Experimental and numerical investigations of the effectiveness of engineered cementitious composites and stainless steel plates in shear strengthening of reinforced concrete beams

Abstract

AbstractThis paper investigates the shear strengthening of reinforced concrete (RC) beams incorporating engineered cementitious composite (ECC) and stainless steel plates (SSPs). The use of ECC, characterized by strain‐hardening in conjunction with SSPs, was investigated in this study to improve the shear performance of RC beams. Total 10 RC beams were tested under static loading up to failure to investigate a few key parameters, namely: material of strengthening (ECC and SSPs), the thickness of ECC, and shape and configuration of SSPs.
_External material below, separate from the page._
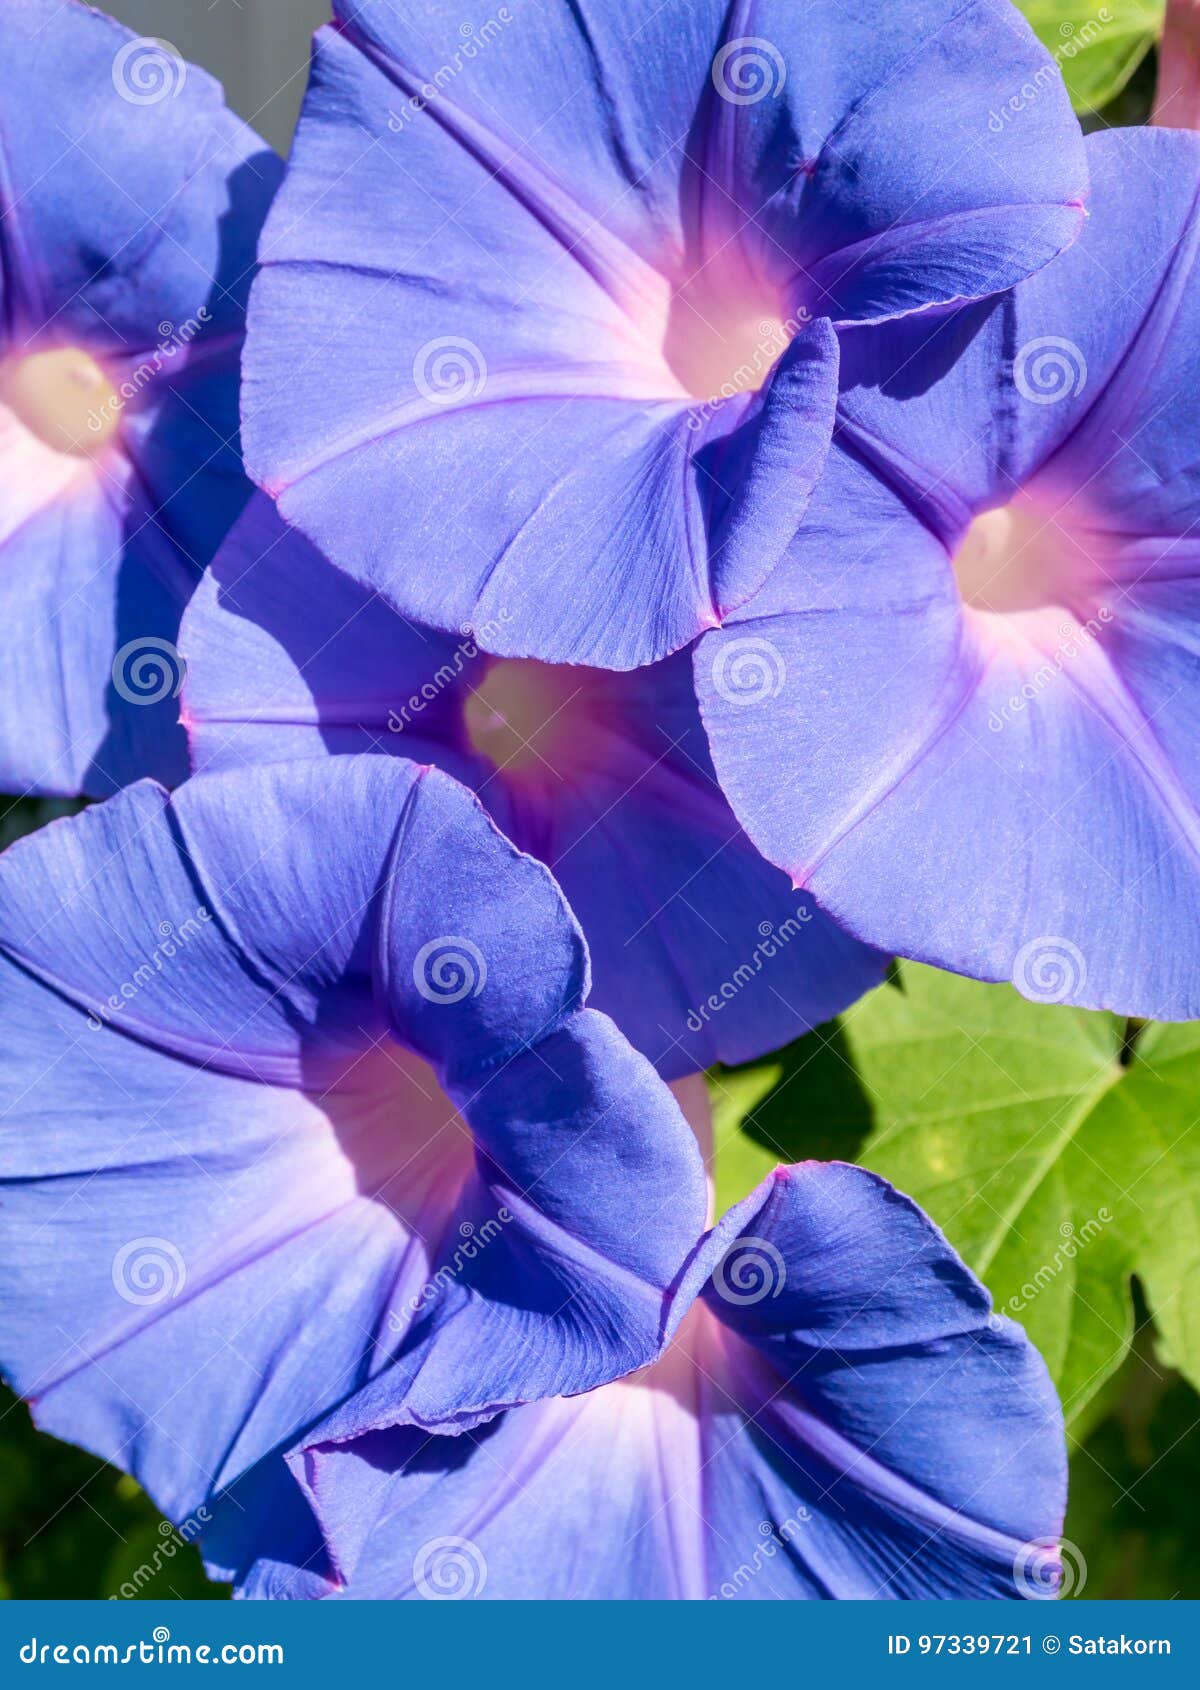 Ivy Flowers, Purple Flowers Stock Image - Image of full, beautiful: 97339721
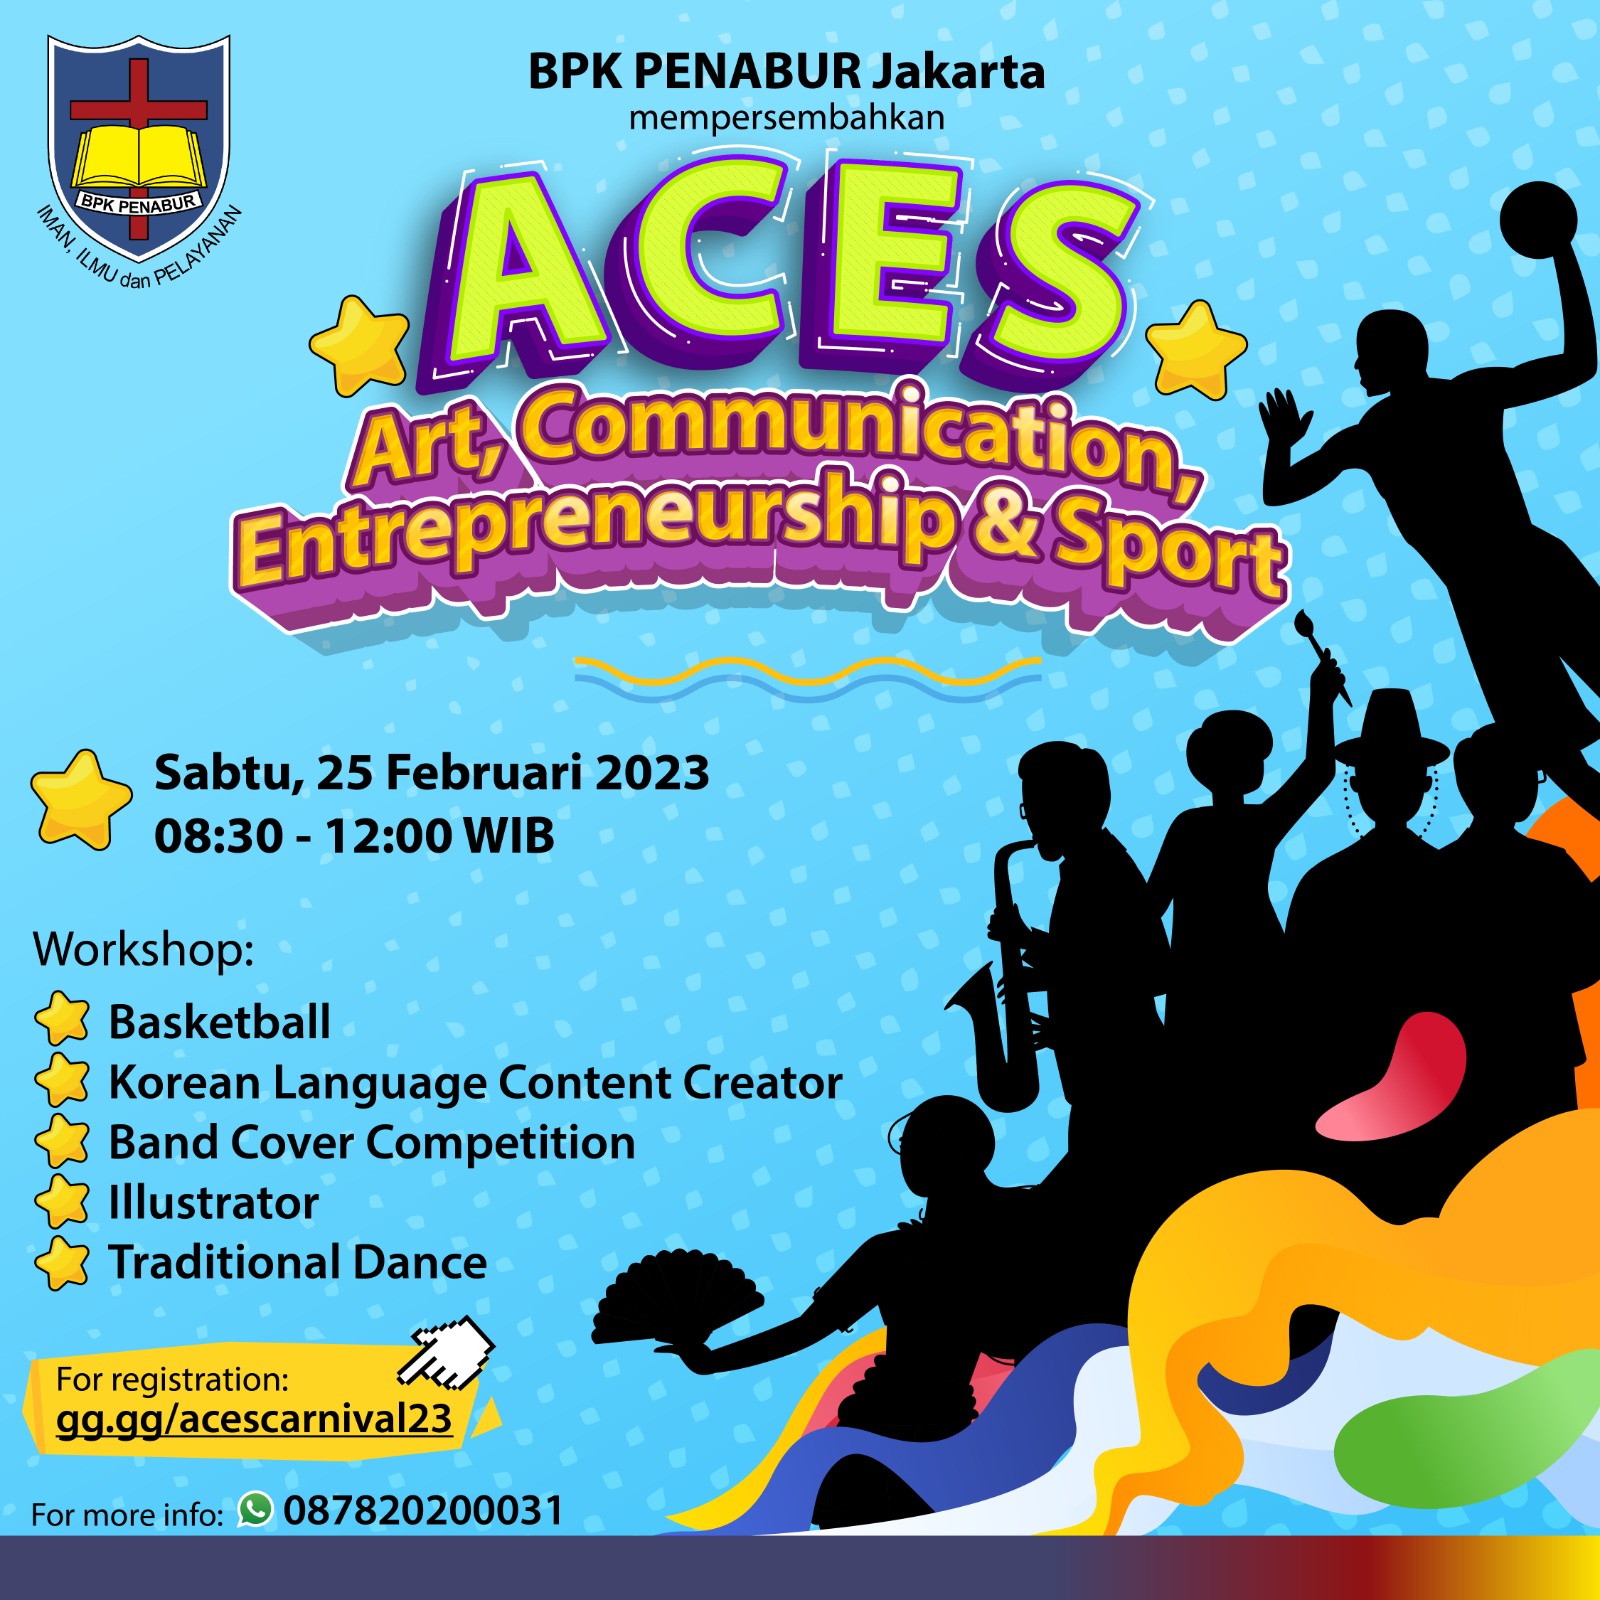 ACES "Art, Communication, Enterpreneurship, & Sport"

Experimental findings showed that the proposed strengthening methods can significantly improve the failure pattern and increase the ultimate shear capacity of the studied RC beams by 36%–97% compared to the unstrengthened beam. Experimental results were compared against the predicted ultimate shear strength of RC beams using design equations specified by various design codes. Nonlinear three‐dimensional finite element modeling was developed for beams strengthened with ECC layer and validated against the test results and found to be accurate. Based on the experimental and numerical results, new shear capacity formulae were proposed considering the ratio of ECC‐to‐concrete beam cross‐section (ρECC) and then verified against the numerical predictions.